Similarly, Adler says that young children are happy when they’re given the freedom to explore, are provided unconditional love and have people around them who build their self-esteem.
As kids grow up, MacMannis reports that happiness levels are “increasingly defined by success and failure at learning new tasks—academically, socially and emotionally—and by their relationships with other kids.”
Attempts to impress peers, get into university or land a good job can really weigh on an adolescent’s happiness. Having the support of family and friends, and being encouraged to exercise and eat well, can help during these stressful times. ?
“No child can be happy all the time,” says MacMannis, “but kids can become happier with improved character, social and emotional skills.” He recommends that parents teach teens the emotional tools for living well, such as how to handle anger or manage stress.
“When we are younger, what brings us happiness is forging ahead,” says psychotherapist Christina Steinorth-Powell. For many young adults, she notes that some of their greatest joys come from reaching goals, such as buying their first home.

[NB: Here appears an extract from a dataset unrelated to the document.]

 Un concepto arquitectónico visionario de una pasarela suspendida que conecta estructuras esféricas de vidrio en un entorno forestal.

This shifts when we get older. “As we age, we realise that ‘stuff’ won’t make us happy,” says psychologist Samantha Madhosingh. “I think this is why many people go through a ‘midlife’ crisis. They realise that things don’t make you happy and begin to search for more meaning in their life.”

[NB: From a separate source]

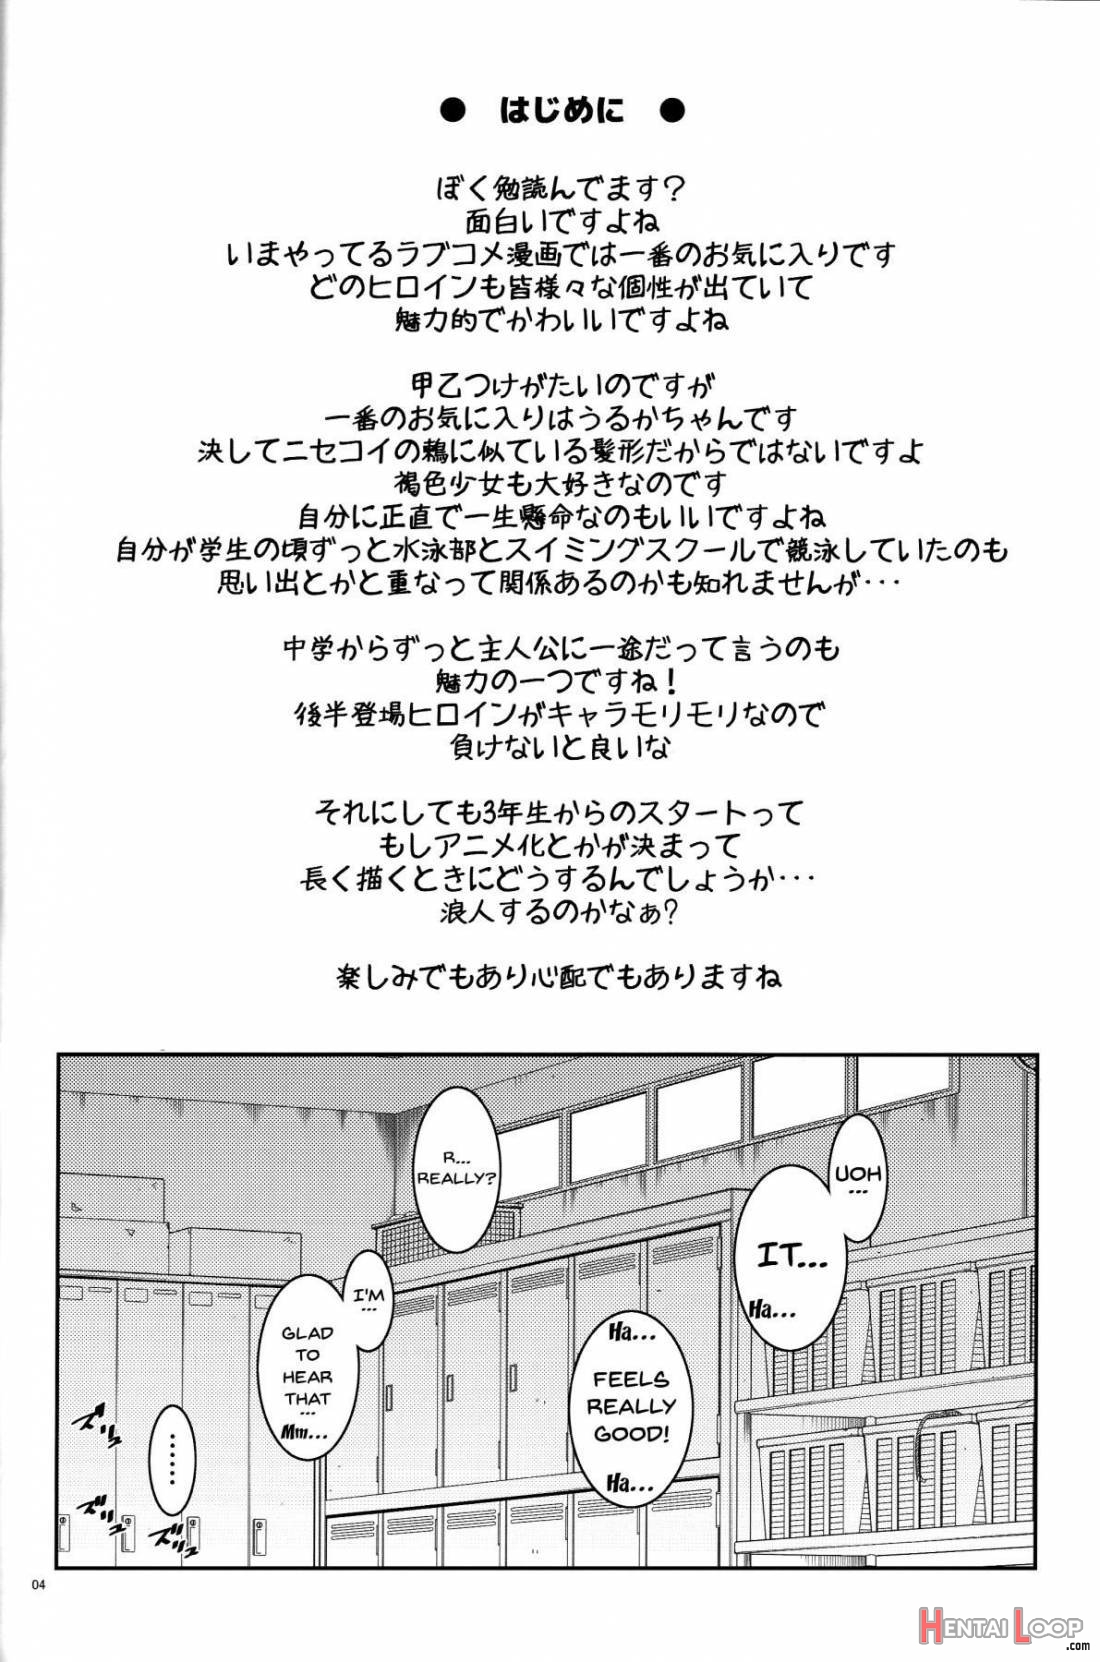 BOKUTACHIHA URUKAGA KAWAII page 2

By this life stage, it’s also not uncommon for us to have experienced loss or a serious illness. “By the time middle age rolls around,” says Steinorth-Powell, “most of us have a better understanding of how fragile life really is, so what tends to bring us the most happiness is holding on to and appreciating what we have.”

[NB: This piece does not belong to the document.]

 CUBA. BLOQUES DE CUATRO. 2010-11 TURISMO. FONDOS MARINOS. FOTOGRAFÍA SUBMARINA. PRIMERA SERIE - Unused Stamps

This becomes even truer as we enter our golden years. “As seniors, we tend to be happy when we have good health, a close friend, a good relationship with our spouse and a secure living environment,” says Steinorth-Powell. “Mention these types of things to a younger person and ask them if they would be happy with just these few things and most would say yes, but they would want more—a bigger home, a better career and to be more popular.
As we get older, we slowly learn to appreciate more of what we already have, and that in itself brings feelings of happiness.”
The secret to happiness
“No matter where you’re starting from, you can go to your next level of happiness,” says psychotherapist Jennifer Howard. According to Howard, it starts with recognising that happiness comes from within, not from getting everything you want. “Having everything we want in any given moment is closer to addiction than it is to happiness,” she warns. “Remember, happiness is more than momentary gratification.”
The secrets to happiness
Creating more abundant, genuine happiness can be as simple as doing the following.
Multiple studies have shown that expressing gratitude increases happiness. “Taking a minute or two to say silent thank-yous from your heart is a wonderful and rapid way to boost your level of happiness,” says psychotherapist Jonathan Robinson.
Let go of what you can’t control
Research shows we have a greater sense of well-being when we accept what can’t be changed. “Practise acceptance of situations and people,” says Alborzian. “What is it that takes our joy away that leads to unhappiness? It is mainly our expectations that things should be different instead of accepting that they are the way they are for a reason.”
“It’s been shown that a small act of kindness towards a stranger is a powerful way to boost your sense of well-being,” says Robinson.
Volunteer or give to a good cause
Research has linked charitable giving with happiness in adults, as did a similar study with children. “Giving back helps us think outside of ourselves,” says Steinorth-Powell. “Rather than dwelling on all of our problems, we are reminded how good we actually have it.”
Be aware of life’s little joys
“The smaller elements of life cumulatively contribute to an overall feeling of happiness,” says Greer. A kiss from your child or a good heart-to-heart with a friend can do more for your happiness than you realise.